Coronavirus is a wake-up call. Are you listening?
The ancient philosopher Heraclitus once opined that the only constant in life is change. But there is another one that impacts every city and county organization and the officials who manage them—sooner or later a natural or man-made event is going to wreak havoc with your organization’s operations. In some cases those operations will come to a screeching halt—if the organization doesn’t have continuity-of-operations or disaster-recovery plans in place.

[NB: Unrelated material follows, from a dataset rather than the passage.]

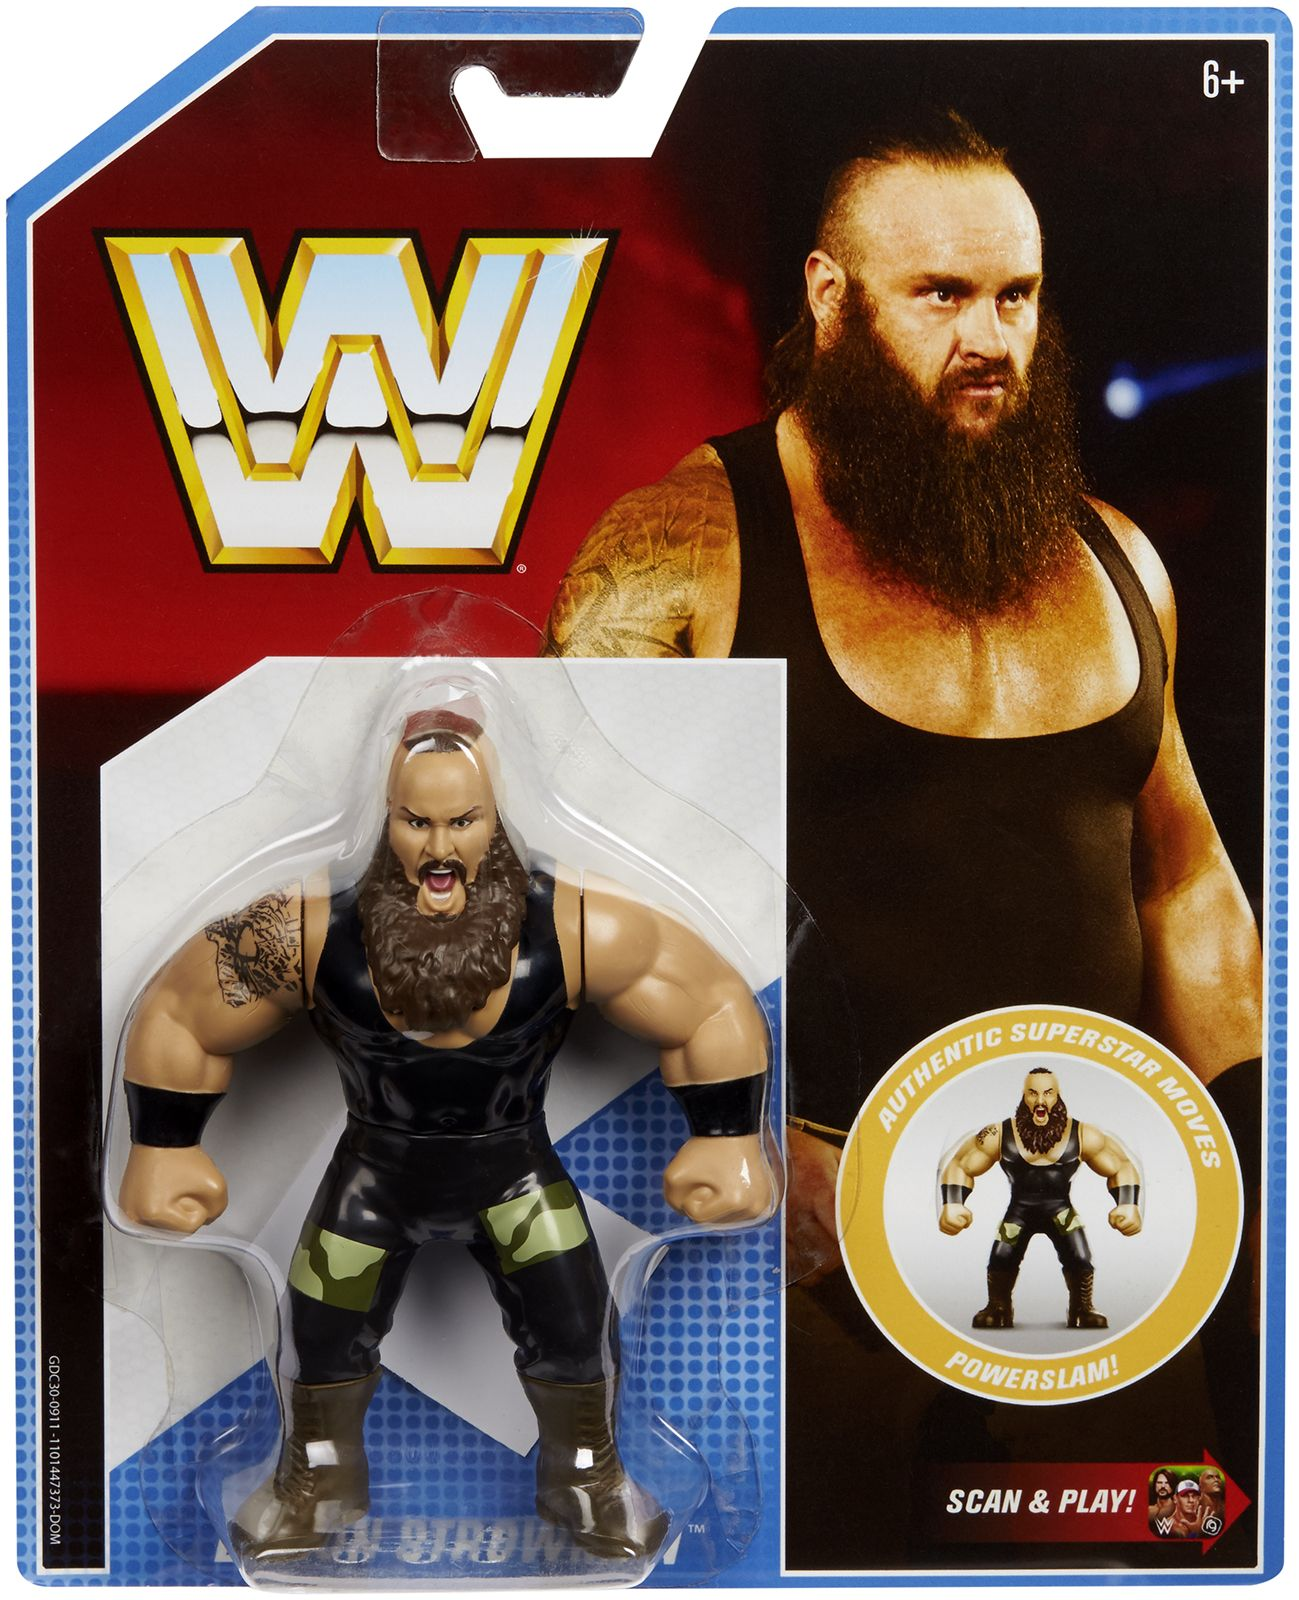 WWE WRESTLING RETRO SERIES STING SUPERSTAR WRESTLER ACTION FIGURE MATTEL

At the end of March, as this article is being written, the global pandemic COVID-19, also known as the coronavirus, is getting all of the headlines and commanding all of the attention of government officials, the media and the public, for very good reason. But there are many other significant events—e.g., wildfires, floods, hurricanes, tornadoes, earthquakes and hazardous materials spills—that happen on a fairly regular basis. These events can compromise a city’s and county’s ability to function effectively, which in turn diminishes their ability to provide essential services to the citizenry, sometimes profoundly.

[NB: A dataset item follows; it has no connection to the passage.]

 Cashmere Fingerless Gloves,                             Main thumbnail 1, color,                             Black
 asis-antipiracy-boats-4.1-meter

Such events typically occur with little or no warning. When Hurricane Katrina slammed into New Orleans in late August 2005, there was plenty of warning about the impending storm, but no one could have anticipated the devastating storm surge and flooding that destroyed much of the city. Nearly 400 miles to the west in Sugar Land, Texas, a suburb of Houston, we breathed a sigh of relief about the relatively close call. But that was because we had no way of knowing that our region was about to be inundated by ten of thousands of evacuees, which put a tremendous strain on government resources, an event for which we were ill prepared.
As if that wasn’t troubling enough, Hurricane Rita formed about a month later. It was the strongest tropical cyclone ever recorded in the Gulf of Mexico, even more powerful than Hurricane Katrina. As the storm approached, the Houston region initiated the largest evacuation in the nation’s history. Cities in the region tried to maintain essential services and protect vital city assets, even as personnel evacuated. The hurricane ultimately made landfall along the Texas-Louisiana border, sparing the Houston region. Nevertheless, we had to scramble.

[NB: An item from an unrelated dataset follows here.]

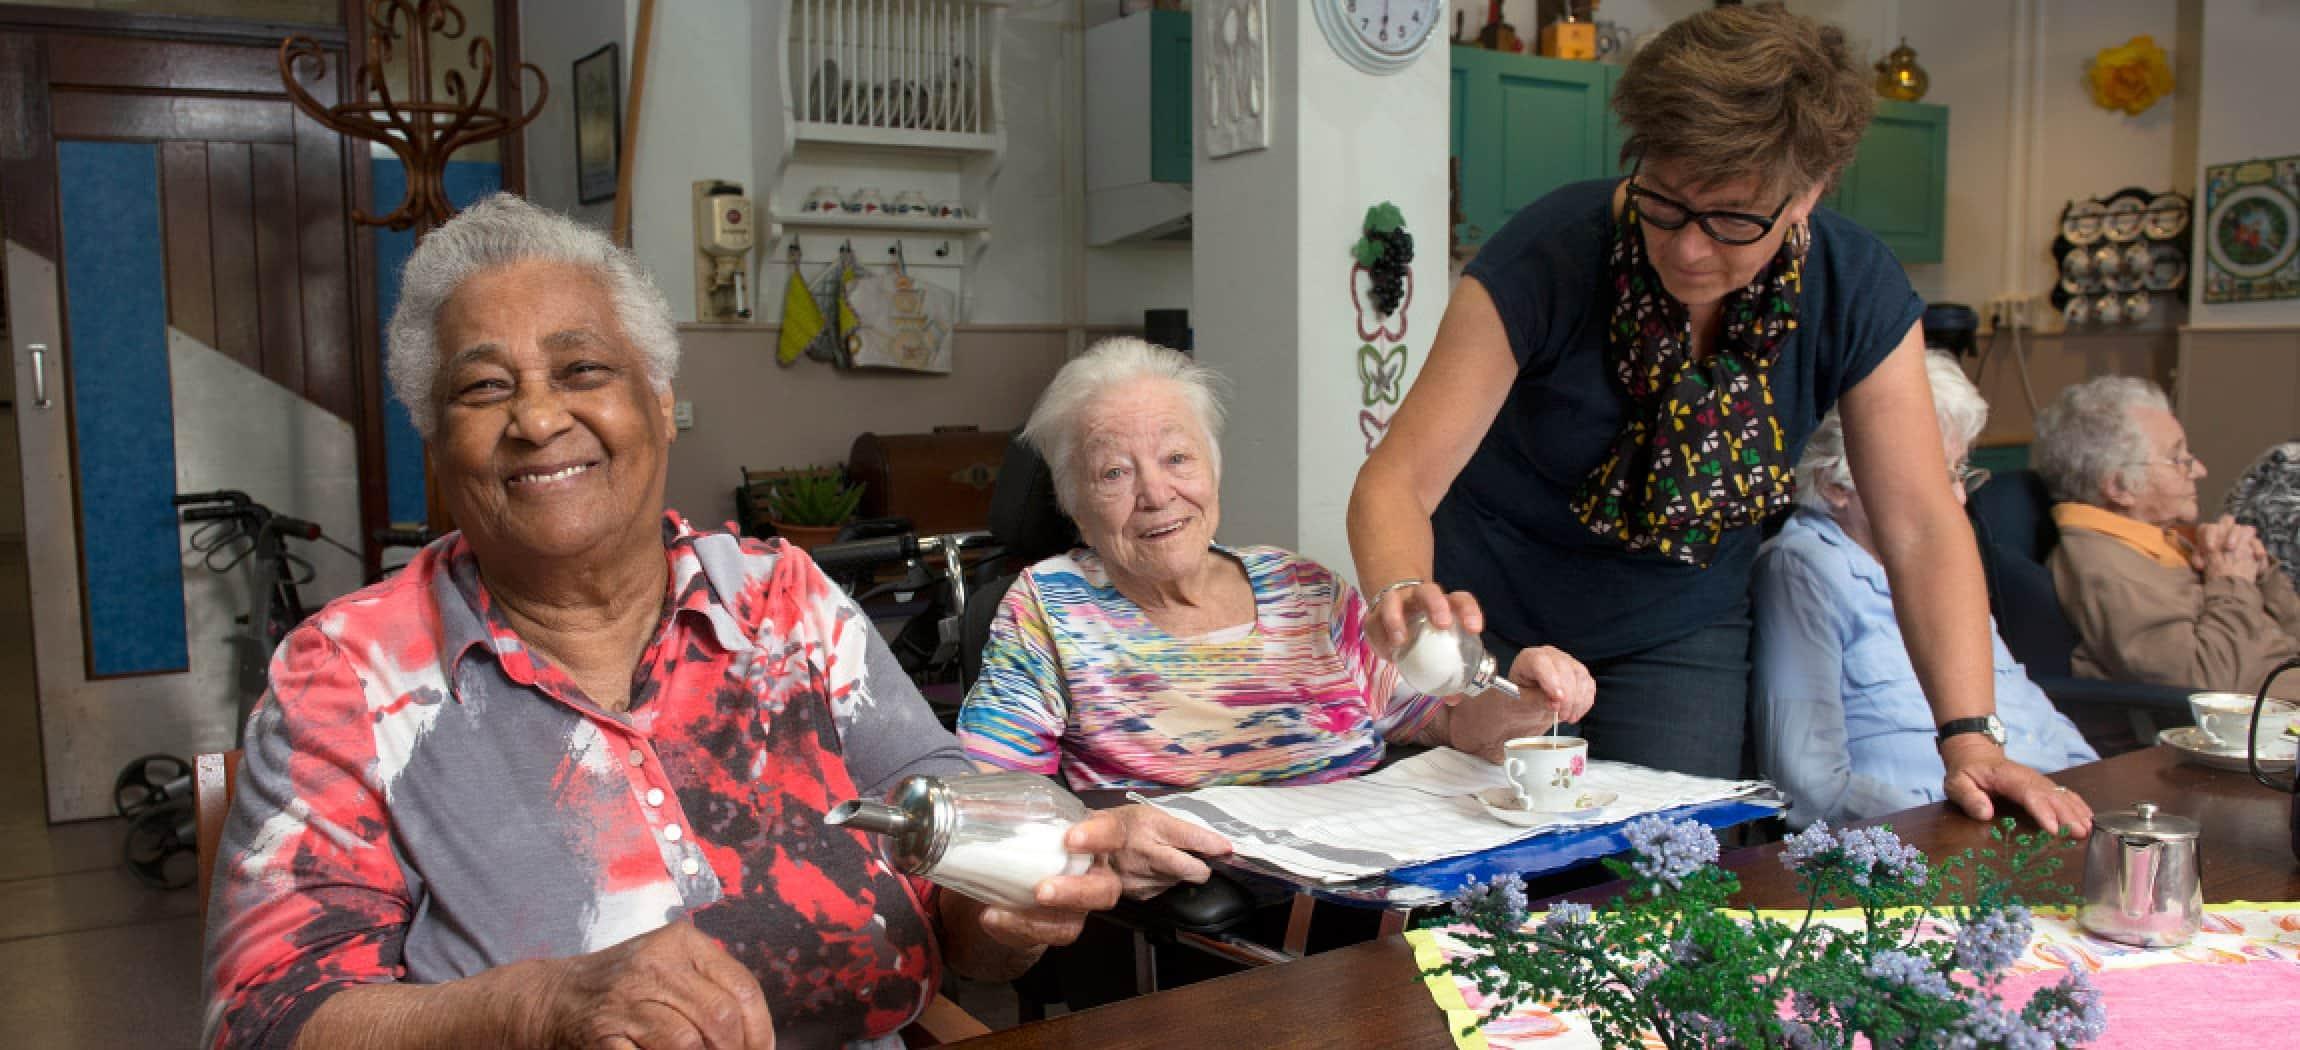 Lieve oude vrouwen aan gezellige tafel met koffie en knutselwerk

Both events caused problems that we hadn’t anticipated. Katrina required establishment or expansion of services needed to support the influx of evacuees. With Rita, we needed to compensate for the loss of staff, which necessitated scaling back some services. Nevertheless, we got through both events thanks to outstanding efforts by the mayor, city manager, police and fire chiefs, and a plethora of other officials, all of whom worked collaboratively, intelligently and quickly.
But everything we did was done on the fly—which is exactly the wrong way to go about it in such circumstances. A continuity-of-operations plan (COOP) and a disaster-recovery (DR) plan would have been very useful things to have at our disposal.